In subtractive clustering, cluster radius determines the range of influence of a cluster. The optimum clustering radius can be determined by trial and error. As discussed, the teaching–learning-based optimization algorithm is needless of any algorithm-specific parameter. However, common controlling parameters such as the population size and number of iterations can be modified in order to enhance the model accuracy. TLBO considers the number of learners as the population size (Rao 2015).
Optimizing the fuzzy system using TLBO
By training an initial fuzzy inference system, its membership function parameters are adjusted until the optimal solution is achieved. This tuning process can be performed utilizing various optimization algorithms. Sugeno fuzzy inference system trained with the neuro-adaptive learning was introduced by Jang (1993) as the adaptive neuro-fuzzy inference system (ANFIS). In this study, the optimization of initial Sugeno fuzzy system was performed using TLBO, rather than the classic neuro-adaptive method. The optimization process was repeated until a solution with desired satisfaction was achieved or the maximum number of iterations was reached. Figure 7 displays root-mean-square errors (RMSE) obtained by each iteration of hybrid TLBOFIS. Accordingly, RMSE declined mostly in the early iterations.
Fig. 7 Acquired RMSE by each iteration epoch of TLBOFIS (clustering radius = 0.6) in training data
Results and discussion
By applying subtractive clustering, a Sugeno fuzzy inference system was initialized. The cluster radius was varied gradually from 0.1 to 1 by intervals of 0.1, in order to find the optimal radius. As given in Table 1, clustering with a radius of 0.6 provides the hybrid TLBOFIS with the highest accuracy. For evaluating the method, several optimization algorithms were employed to train the fuzzy structure using the same database. These algorithms contain Neuro-Fuzzy (ANFIS), Genetic Algorithm (GA), Artificial Bee Colony (ABC), and Ant Colony Optimization (ACO). For all these algorithms, including TLBO, the population size and maximum number of iterations were considered as 800 and 350, respectively. Associated algorithm-specific parameters and the highest accuracy of each method are presented in Table 2.

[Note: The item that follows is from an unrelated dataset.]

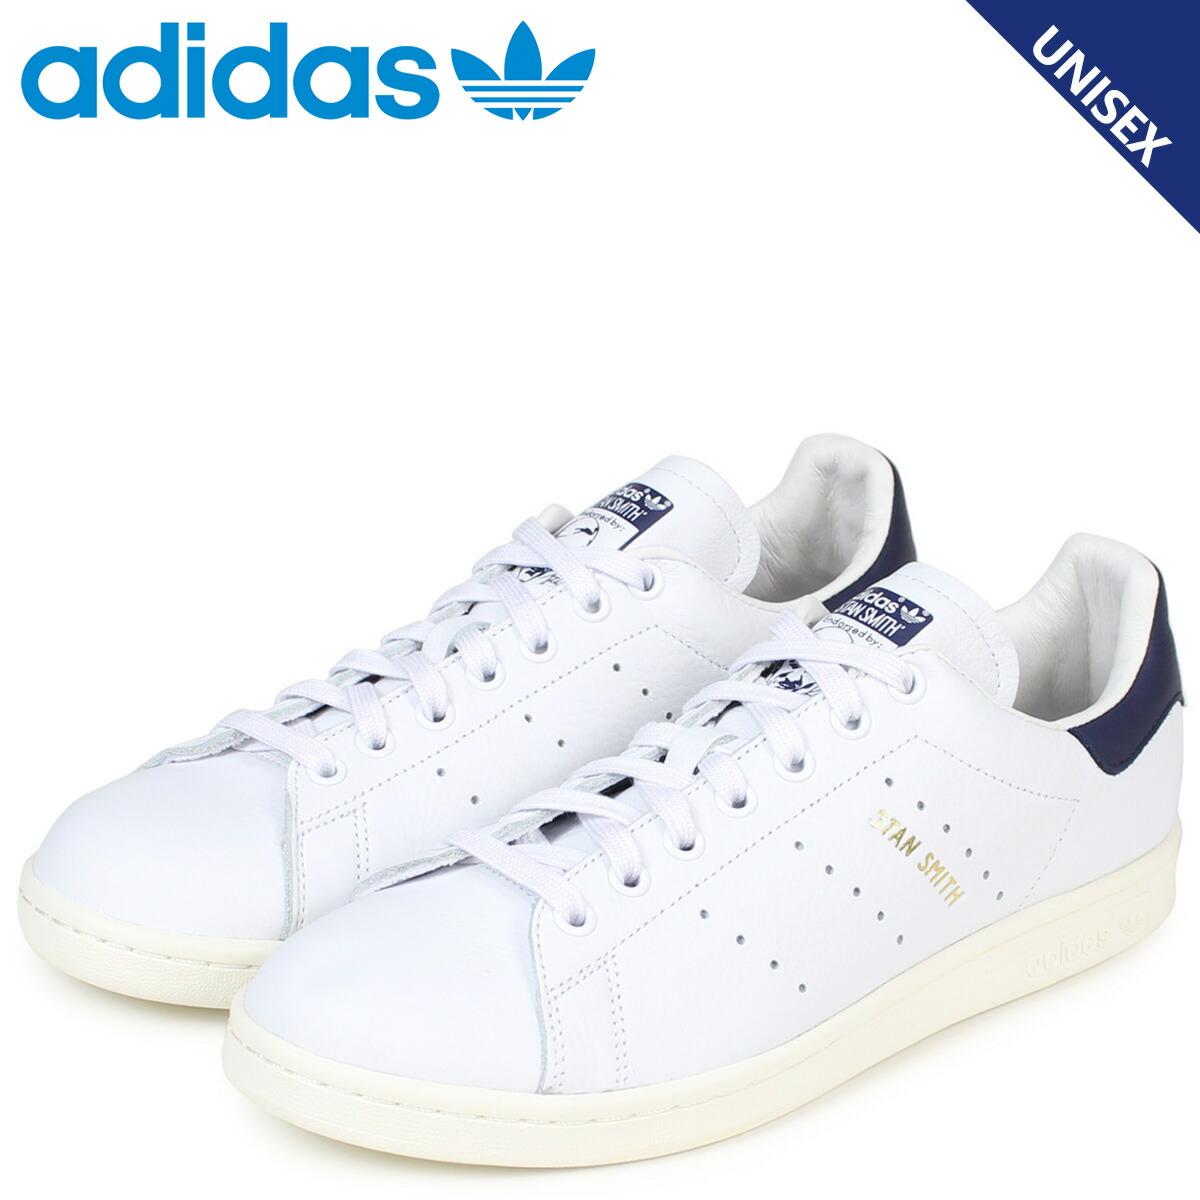 アディダス スタンスミス adidas Originals スニーカー STAN SMITH メンズ CQ2870 靴 ホワイト [予約商品 2/6頃入荷予定 追加入荷]

Table 1 Correlation coefficients (R), RMSE, and number of fuzzy rules achieved by each clustering radius
Table 2 Algorithm-specific parameters and the highest accuracy achieved by each method, in test data
Estimated hydraulic aperture (by TLBOFIS method) and measured values (from EMI log) are compared in Fig. 8. Integration of the fuzzy inference system with TLBO resulted in a correlation coefficient of 0.8735 and RMSE equal to 0.0044 that significantly improved compared to the other methods. Cross-plots of all methods are illustrated in Fig. 9.
Fig. 8 A comparison between the measured hydraulic aperture and TLBOFIS predicted values for fractures in the test datasets
Fig. 9 Cross-plots showing correlation between the measured and estimated values of aperture size, for each methods
In the next step, a new wellbore from a different hydrocarbon field (the third field) was selected to evaluate the model performance in an oil-based environment. The field was located in Fars Province in southern territories of Iran. Mud system used for drilling was oil based, with an oil–water ratio of 70/30. The studied well contained both the OBMI and UBI image logs and a full set of conventional well logs. The RCAL and SCAL core test data, also, were available for recovered cores from a 50-m interval. The cored interval lies in the Upper Dalan Formation (of Upper Permian age) with a lithology consisting of carbonate and anhydrite.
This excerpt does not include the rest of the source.